New Experiments Physico-Mechanical, touching the Spring of the Air, and its Effects, (made, for the most part, in a new pneumatical engine)…
Oxford: Printed by H. Hall…for Tho. Robinson.1662
3 parts in 1 volume, 4to, pp. (xvi), 207; (xii), 122, (2) blank; (viii), 86, 85–98, (2) blank, 2 engraved plates (1 folding). Without the blank leaf m4 in part 3. Half-title, separate title-page to each part. Tear without loss in folding plate, two small wormtracks in extreme upper corner of second part diminishing to a single wormhole, otherwise a very nice copy. Contemporary calf, rebacked, red edges, fore-edges of front endpapers a little ragged.

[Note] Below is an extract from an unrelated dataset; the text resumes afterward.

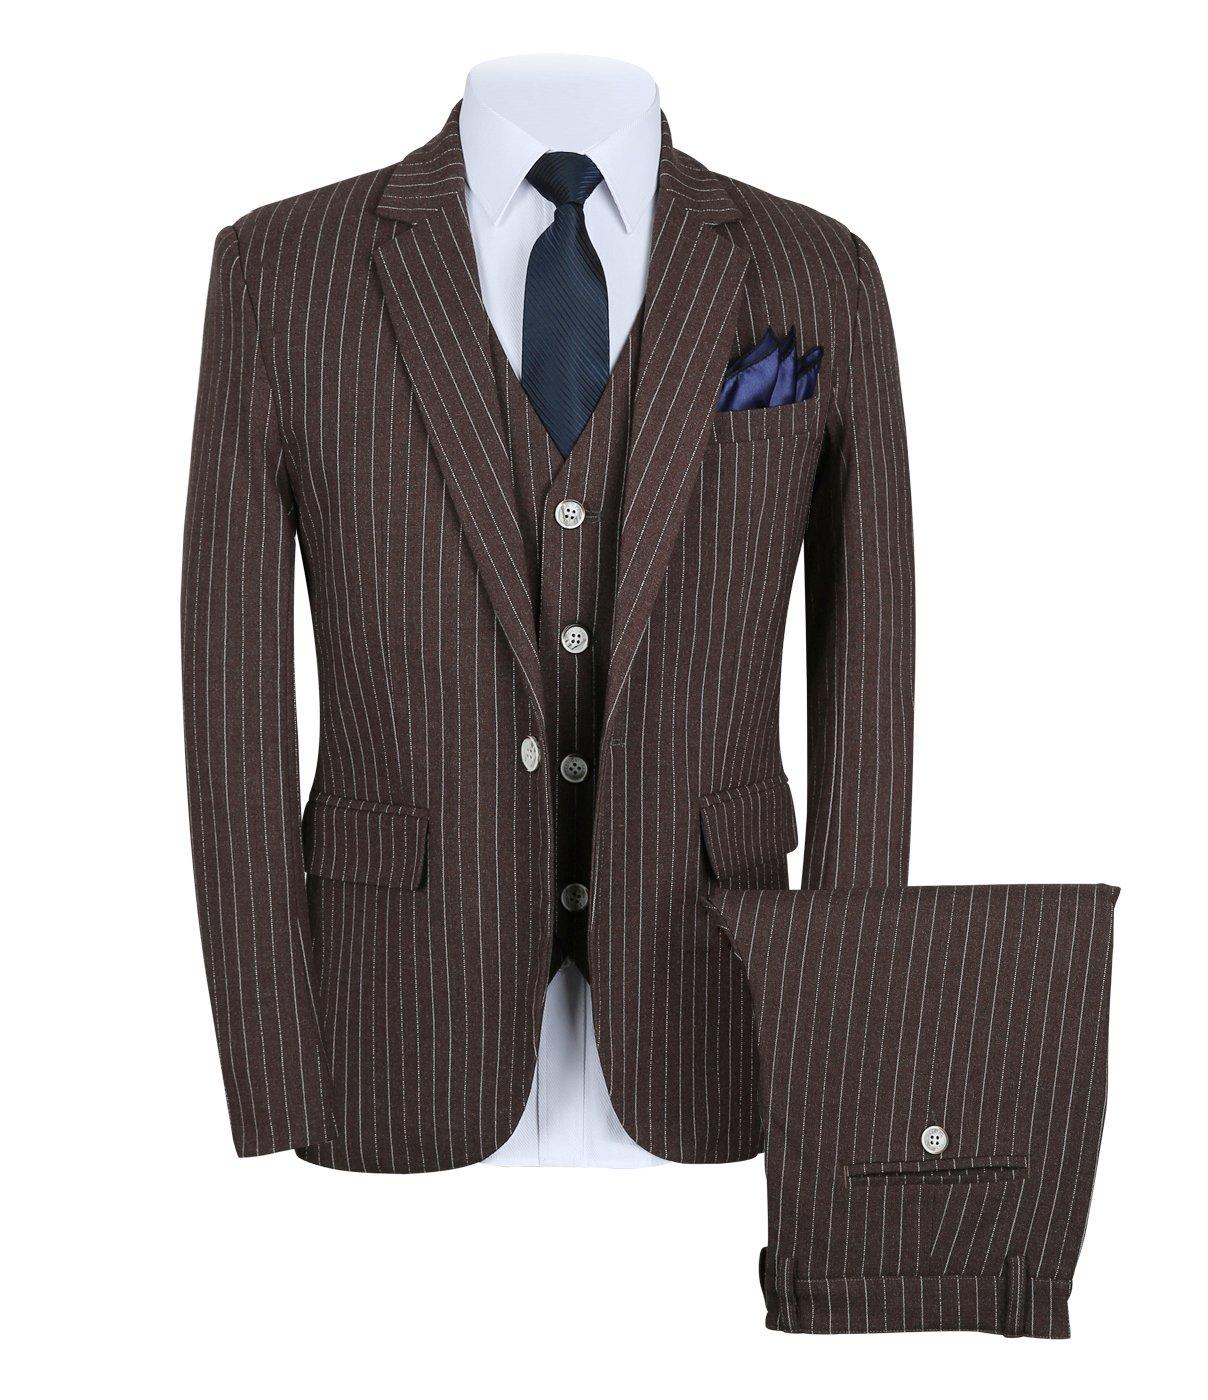 Mens Pinstripe Suit 3 Piece Slim Fit Casual Dress Suits Blazer+Vest+Pants US Size 32 (Label L) Brown

Second edition but the first announcement of Boyle’s law, relating to the inverse proportion of the volume and pressure of a gas, which was Boyle’s most important achievement in physics and one of the greatest contributions to physical science. Not only does Boyle here enunciate a fundamental law, but he supports it with the evidence of verifiable experiments. It exemplifies perfectly the methodology of what is now known as the experimental method of science: hypothesis tested by experimental proof, which Boyle was among the first to adopt. To this second edition Boyle added a defence of his views against attacks by Hobbes and Franciscus Linus, among others. “This second edition (here cited) is particularly important for what Boyle called an ‘hypothesis’ but what we know as ‘Boyle’s Law’: that the volume of air in a confined space varies inversely as the pressure. He demonstrated this by much experimental detail: with experiments on rarefaction performed by others, including Hooke, and on compression performed by himself” (PMM). Printing and the Mind of Man 143. Evans, Epochal Achievements, 28. Dibner 142. Horblit 15. Parkinson, Breakthroughs, 1662. G&M 666. Wing B3999. Fulton 14.